> **Required work**:
Return the complete listing exactly as it reads, with each picture removed.

> **The data**:

**********

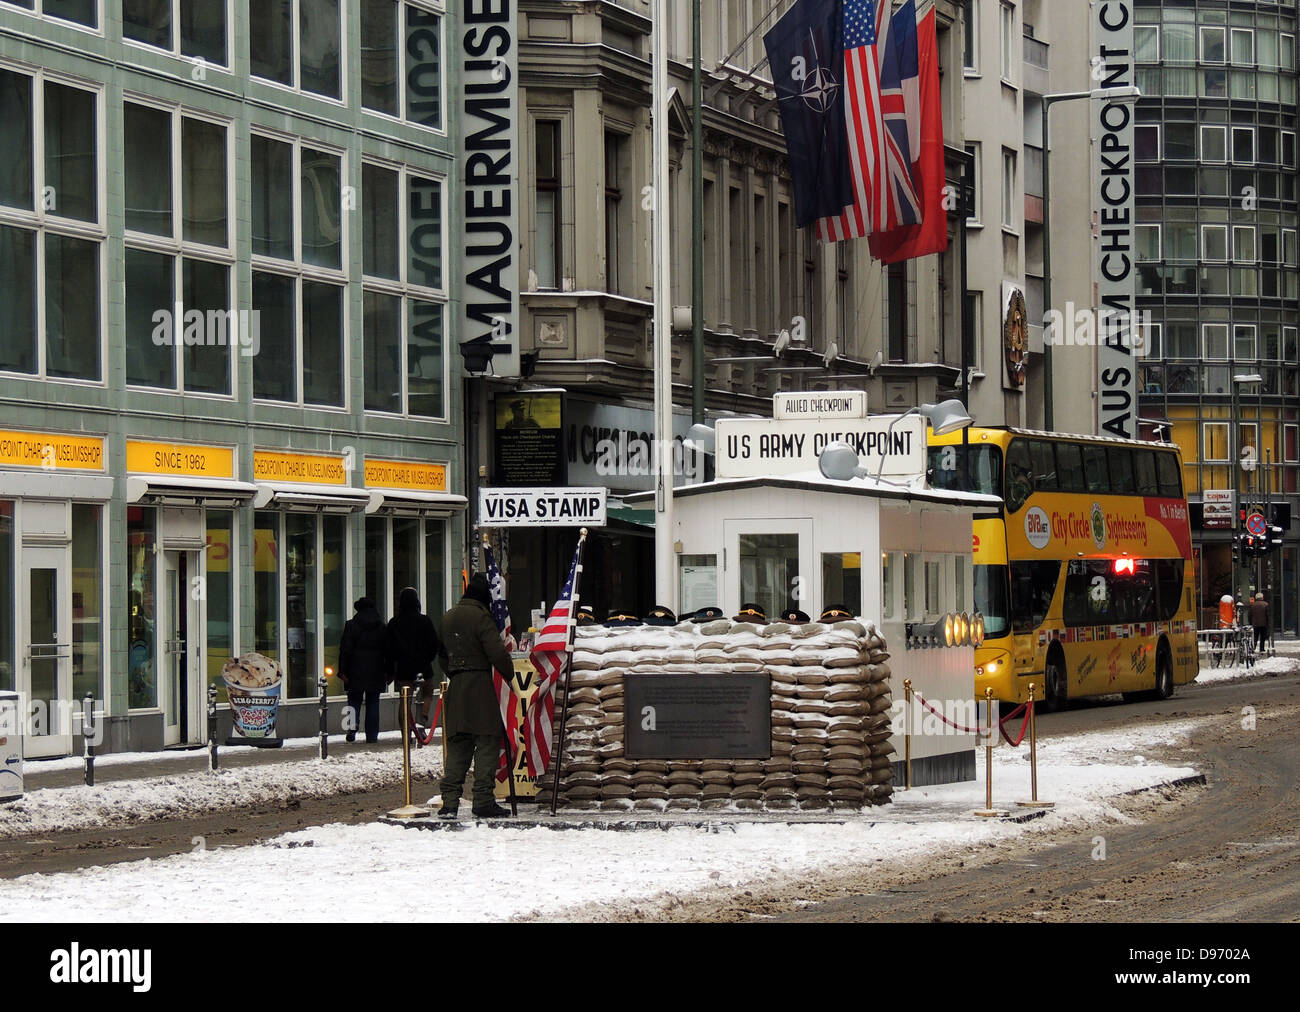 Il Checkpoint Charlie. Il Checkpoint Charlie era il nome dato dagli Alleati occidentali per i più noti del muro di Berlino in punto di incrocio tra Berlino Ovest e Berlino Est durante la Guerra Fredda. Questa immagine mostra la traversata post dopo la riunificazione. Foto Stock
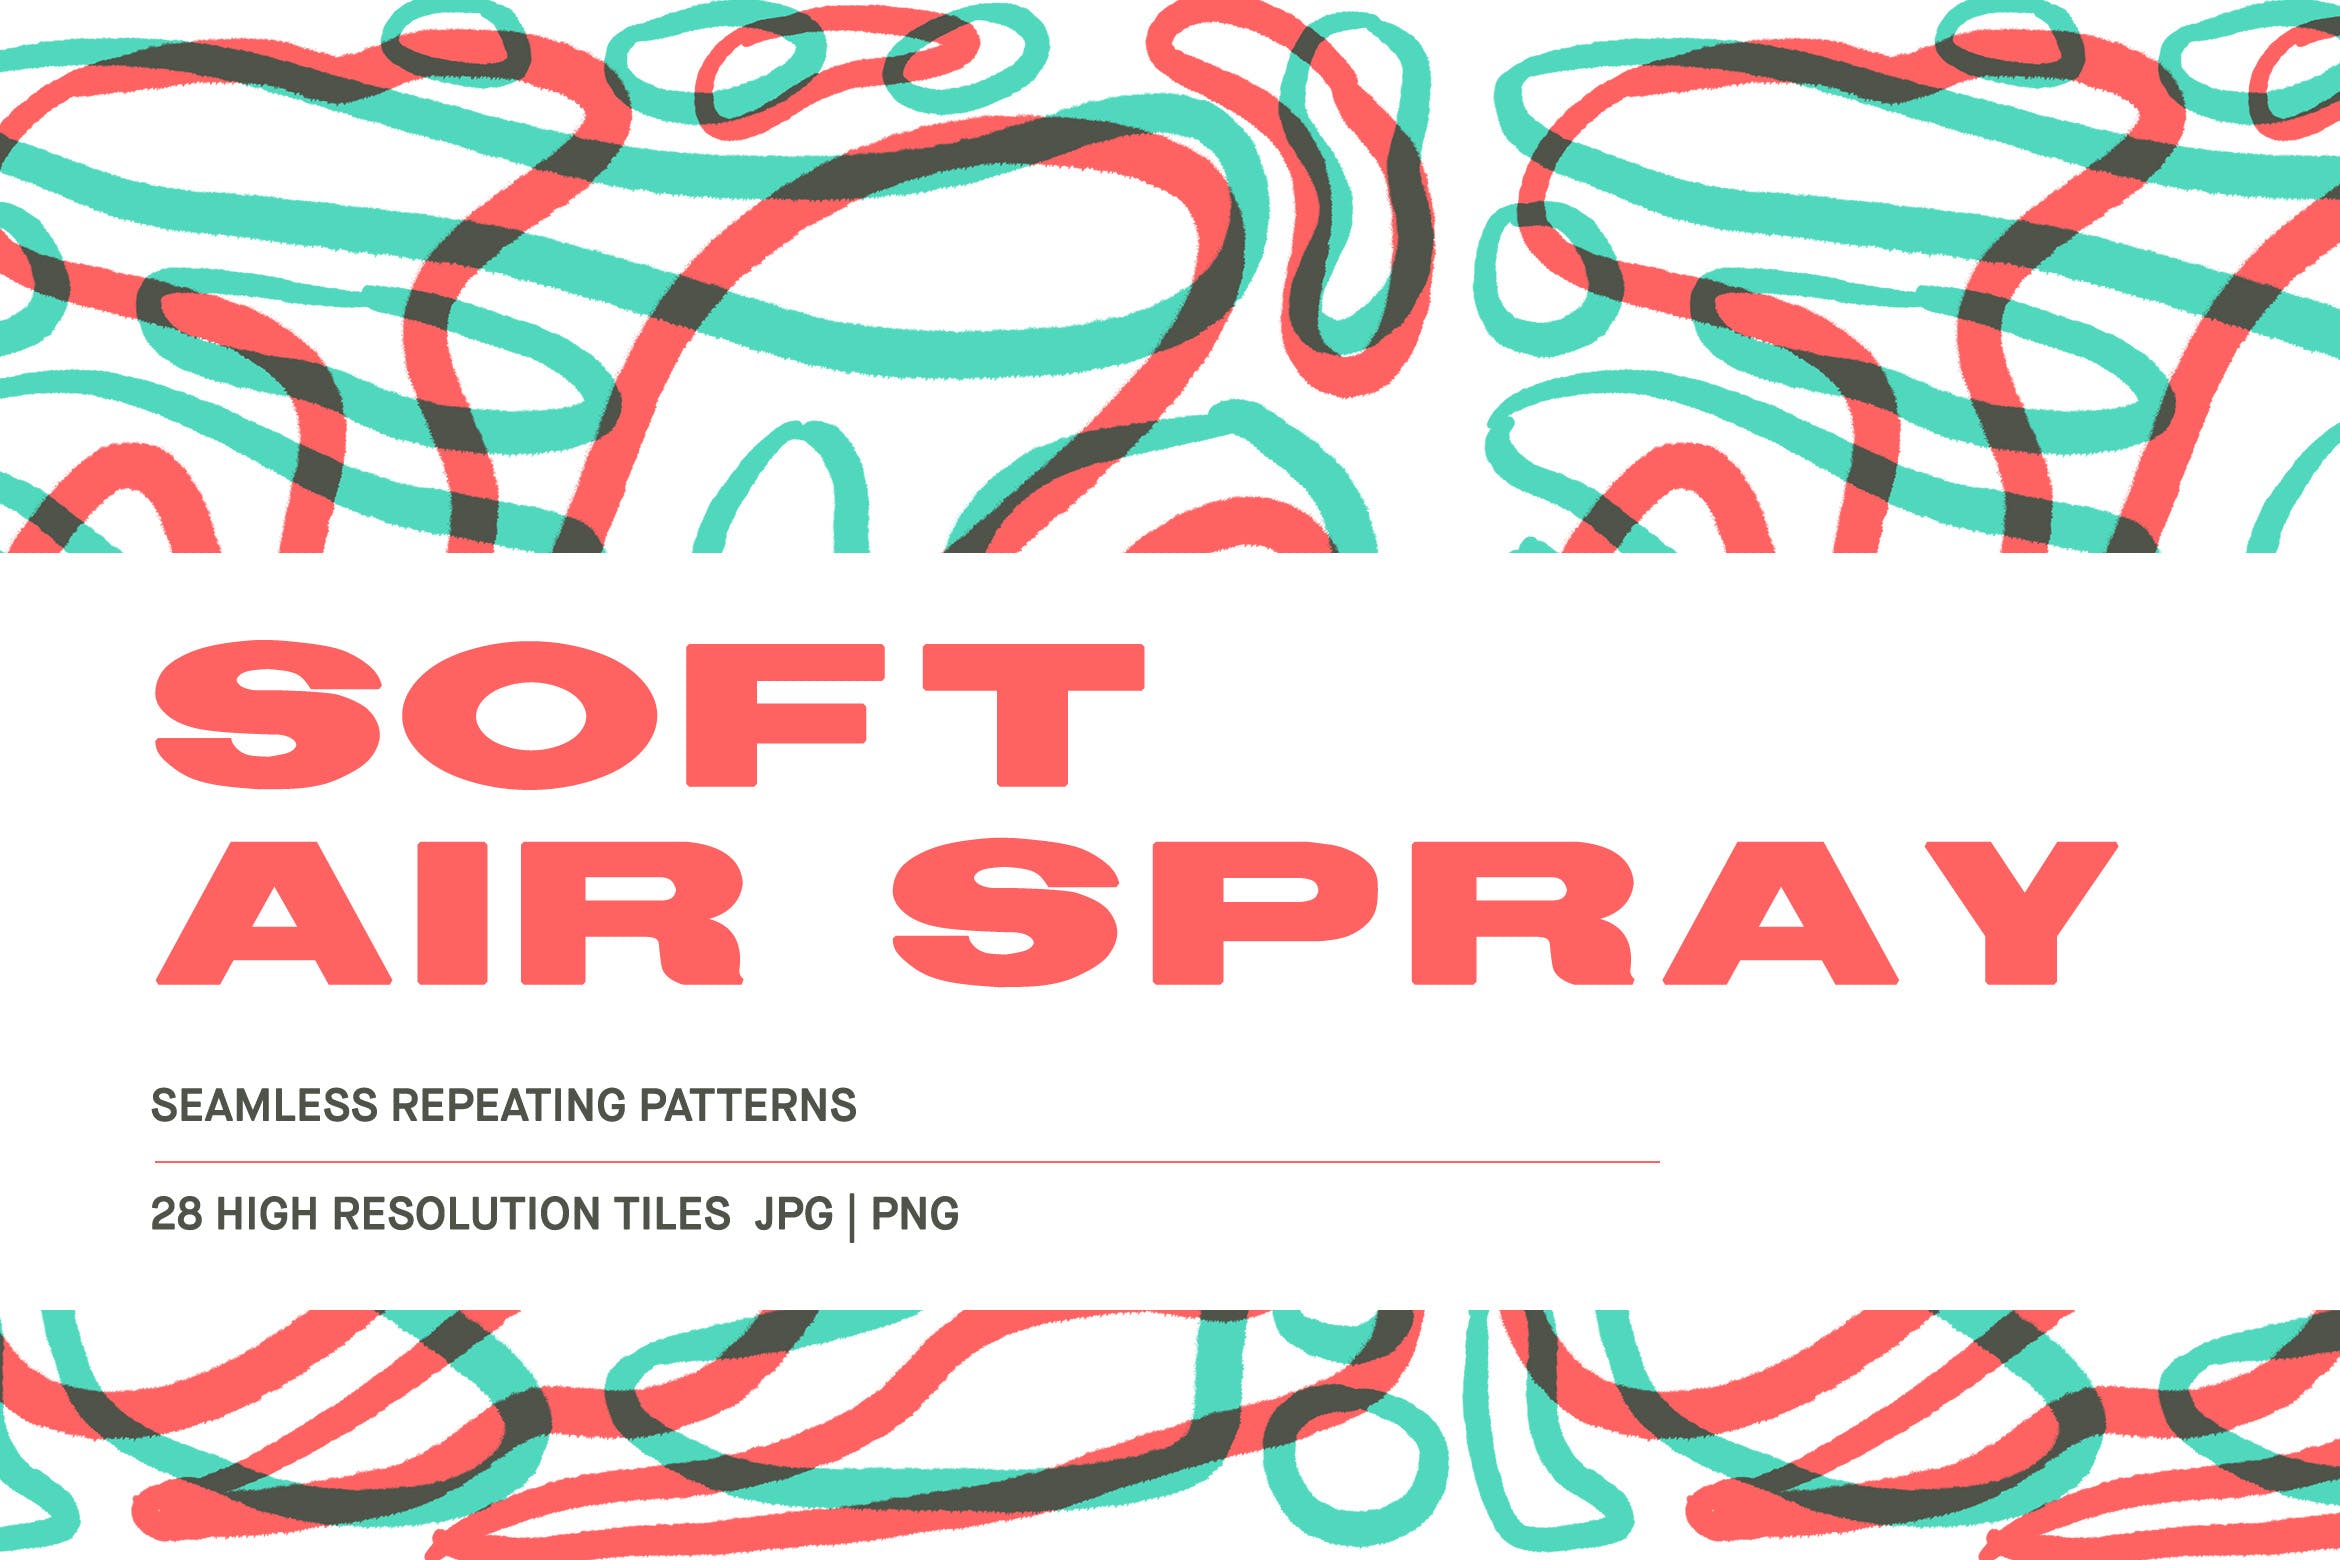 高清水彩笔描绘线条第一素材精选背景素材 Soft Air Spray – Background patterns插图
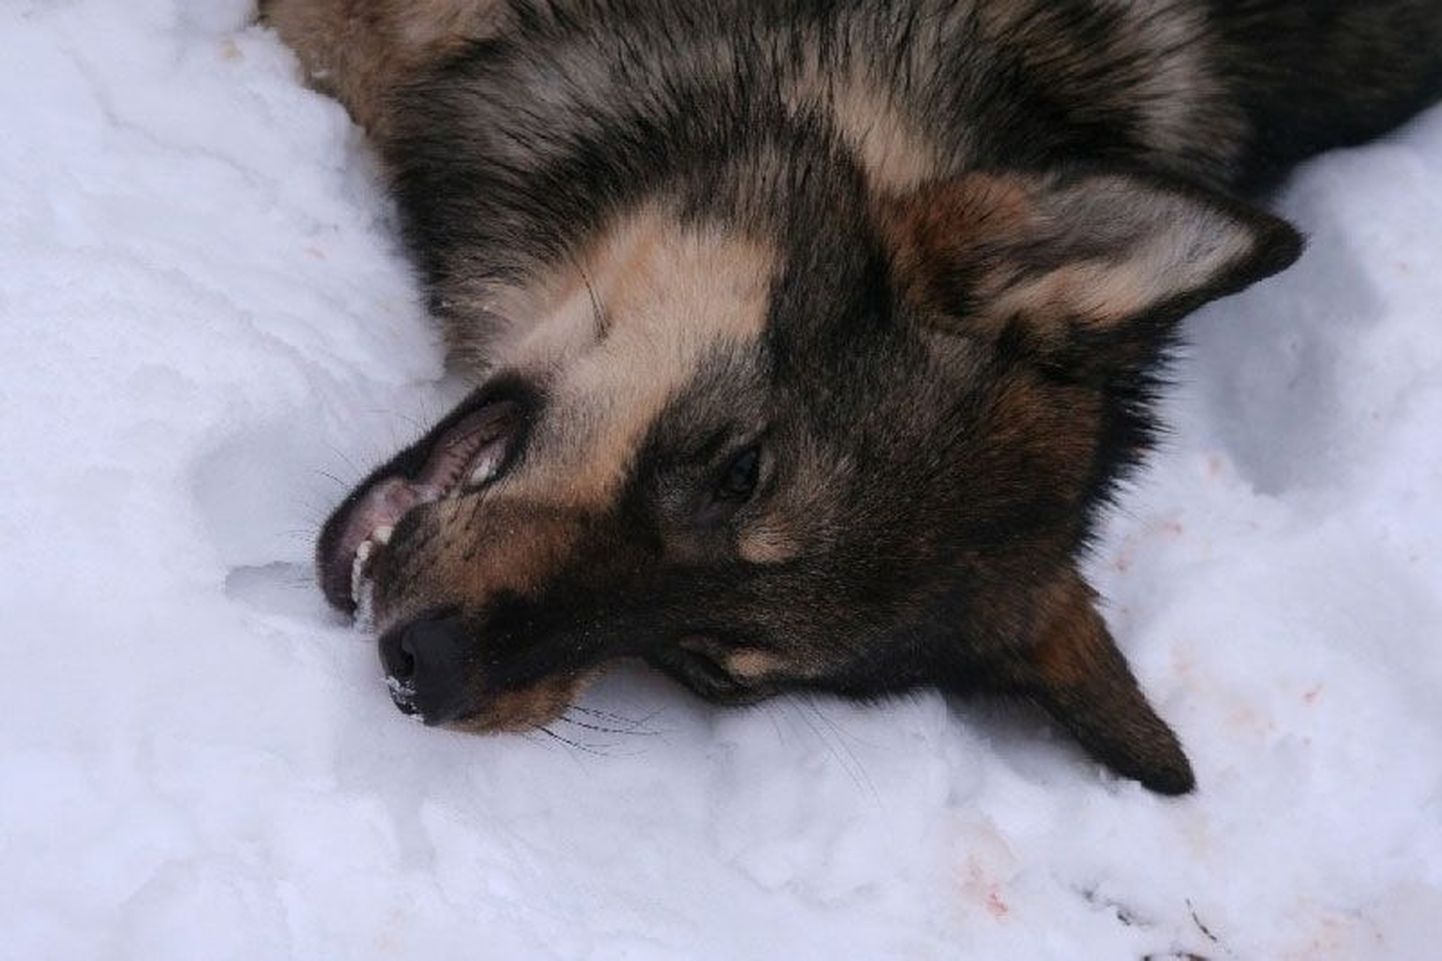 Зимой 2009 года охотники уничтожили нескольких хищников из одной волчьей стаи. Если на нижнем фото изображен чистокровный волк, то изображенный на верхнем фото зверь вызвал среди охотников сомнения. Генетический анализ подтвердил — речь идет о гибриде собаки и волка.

**********

> **Written answer**:
 Il Checkpoint Charlie. Il Checkpoint Charlie era il nome dato dagli Alleati occidentali per i più noti del muro di Berlino in punto di incrocio tra Berlino Ovest e Berlino Est durante la Guerra Fredda. Questa immagine mostra la traversata post dopo la riunificazione. Foto Stock
 高清水彩笔描绘线条第一素材精选背景素材 Soft Air Spray – Background patterns插图
 Зимой 2009 года охотники уничтожили нескольких хищников из одной волчьей стаи. Если на нижнем фото изображен чистокровный волк, то изображенный на верхнем фото зверь вызвал среди охотников сомнения. Генетический анализ подтвердил — речь идет о гибриде собаки и волка.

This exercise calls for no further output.